### WORK TO COMPLETE
Could the data below be retyped exactly, without its pictures?

### DATA EXTRACT
* * *
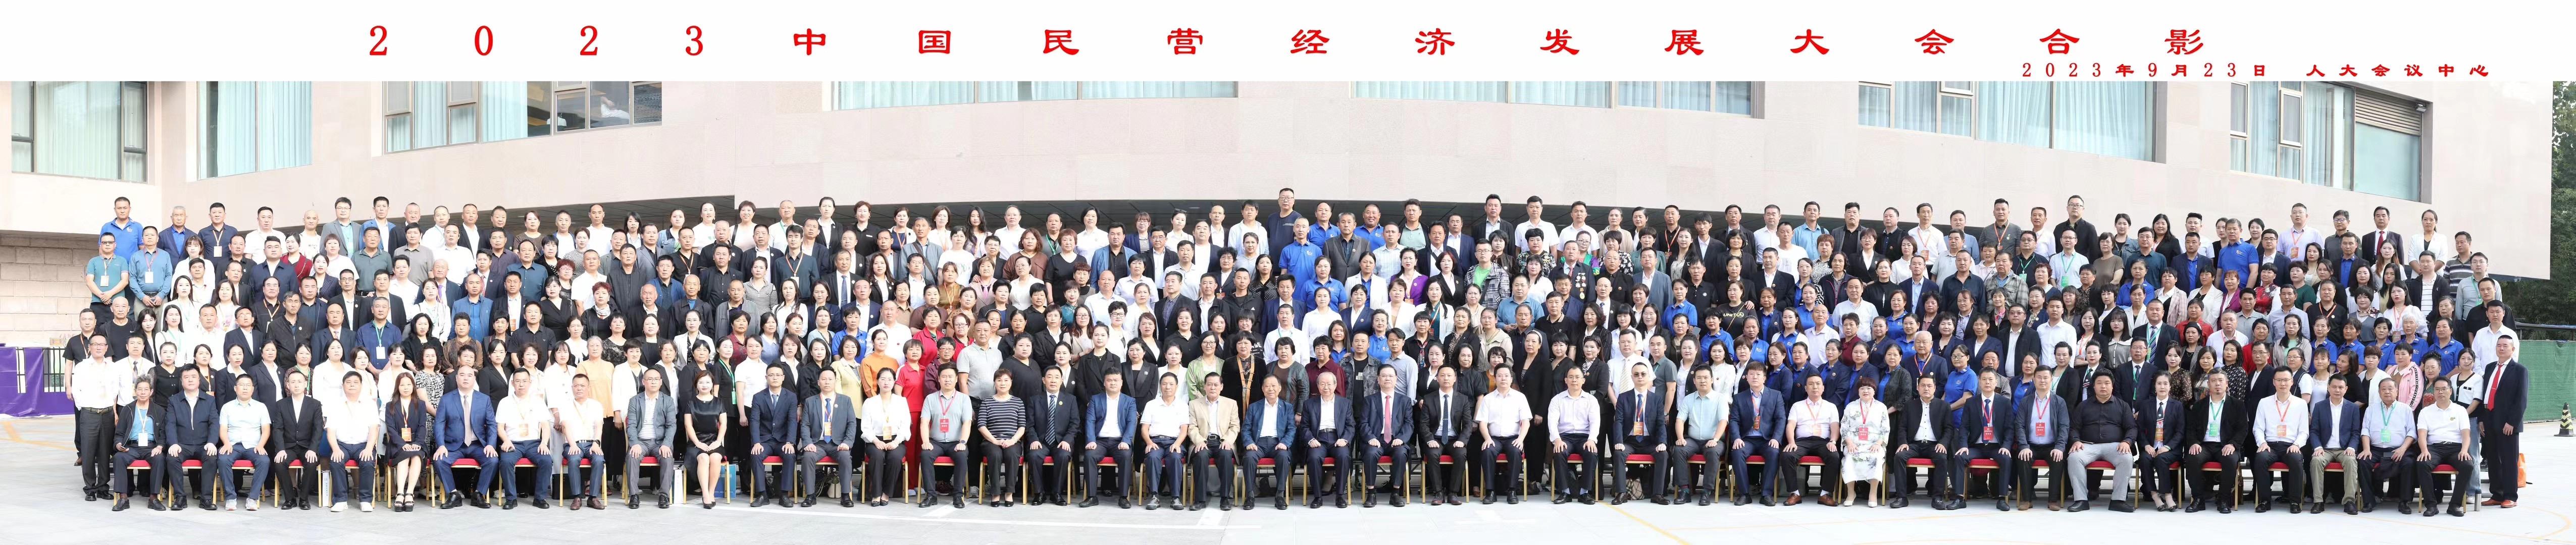 郑永春秘书长陪同第十二届全国政协副主席刘晓峰出席2023中国民营经济发展大会
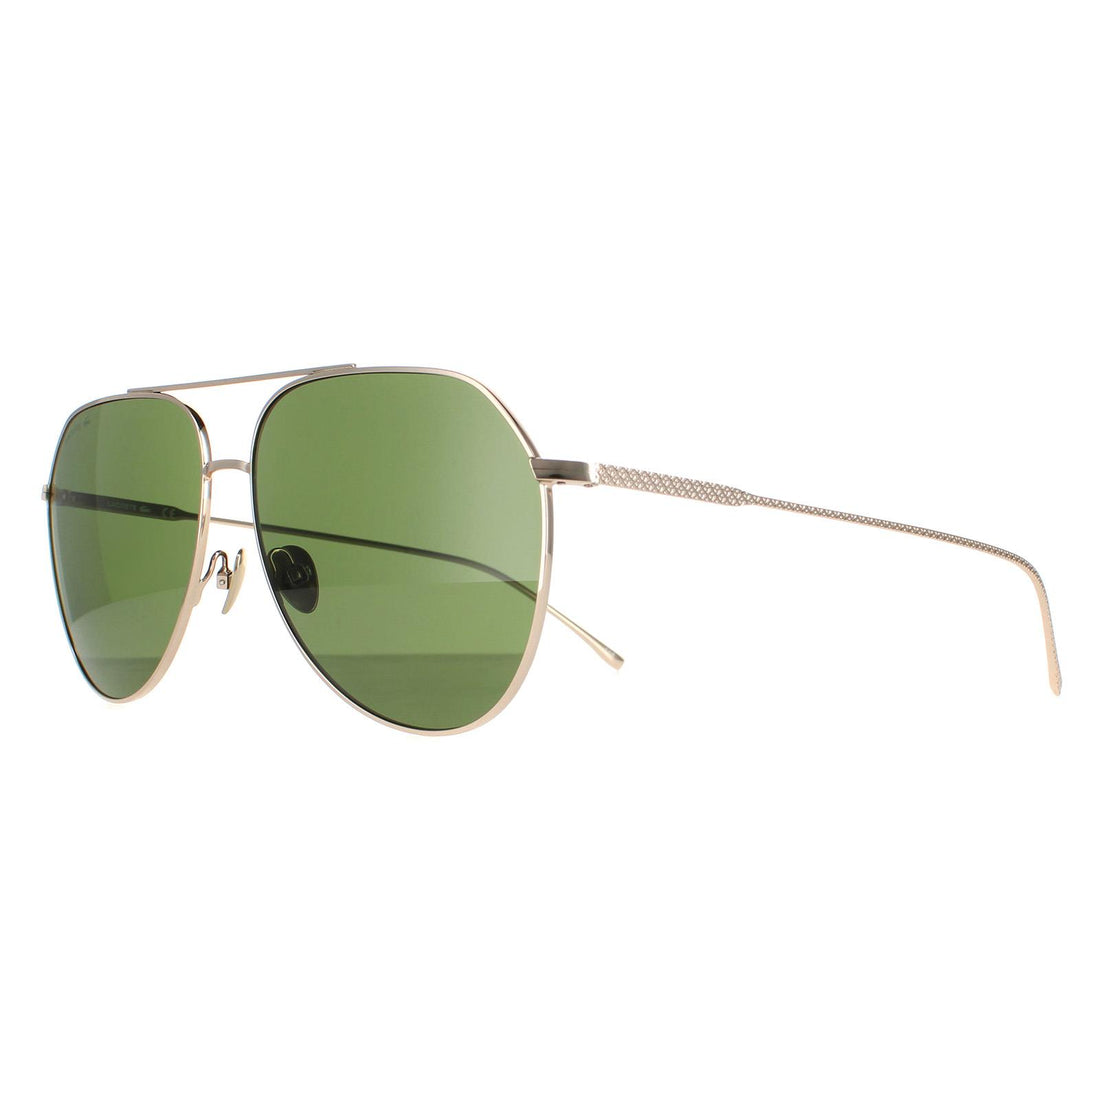 Lacoste Sunglasses L209S 714 Shiny Gold Green
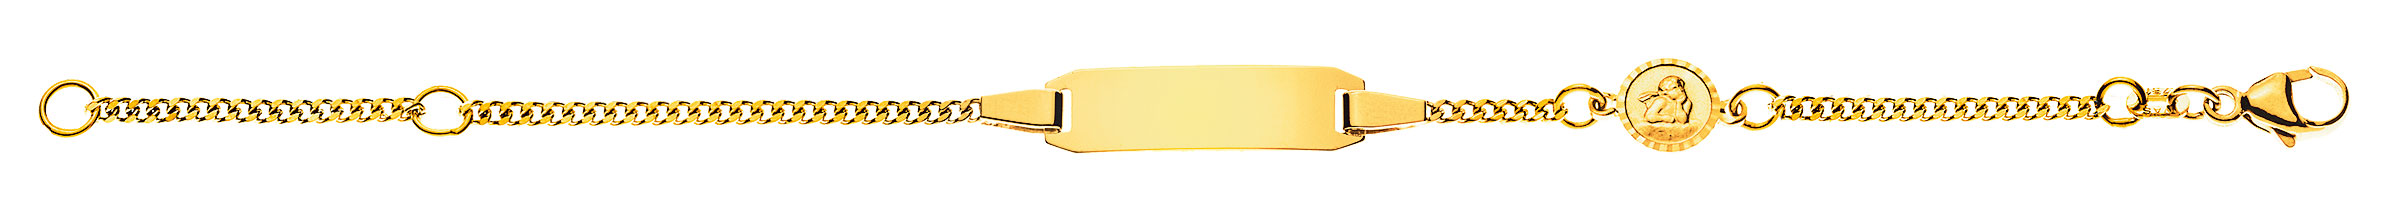 AURONOS Prestige ID-Bracelet en or jaune 18k chaîne blindée diamantée 16cm
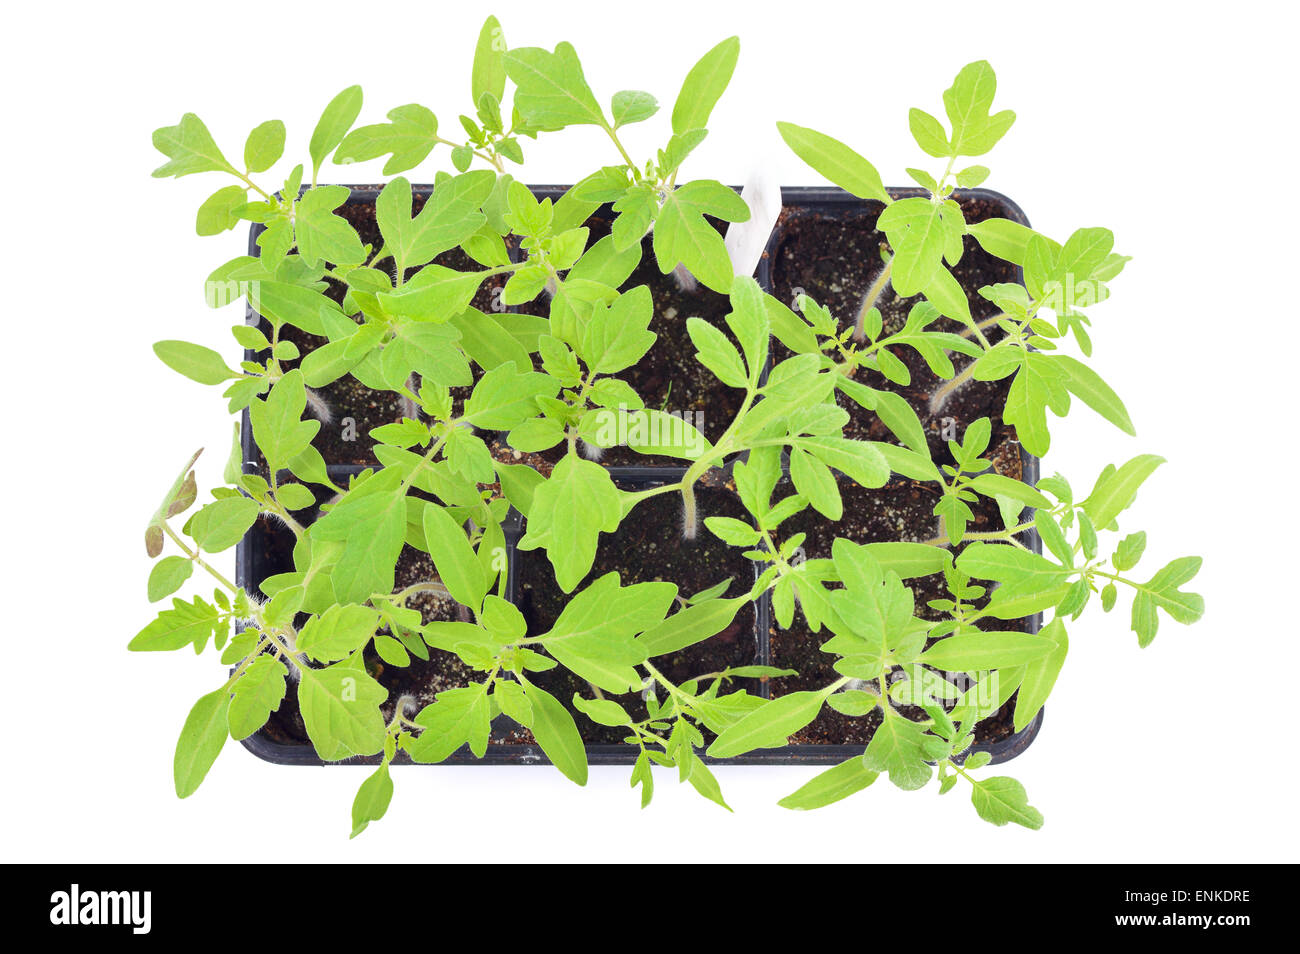 Les semis de tomates dans un pot isolé sur fond blanc. Les jeunes plantes dans les cellules en plastique, le jardinage biologique. Vue d'en haut. Banque D'Images
* * *
### FINISHED EXERCISE
 郑永春秘书长陪同第十二届全国政协副主席刘晓峰出席2023中国民营经济发展大会
 Lacoste Sunglasses L209S 714 Shiny Gold Green
 AURONOS Prestige ID-Bracelet en or jaune 18k chaîne blindée diamantée 16cm
 Les semis de tomates dans un pot isolé sur fond blanc. Les jeunes plantes dans les cellules en plastique, le jardinage biologique. Vue d'en haut. Banque D'Images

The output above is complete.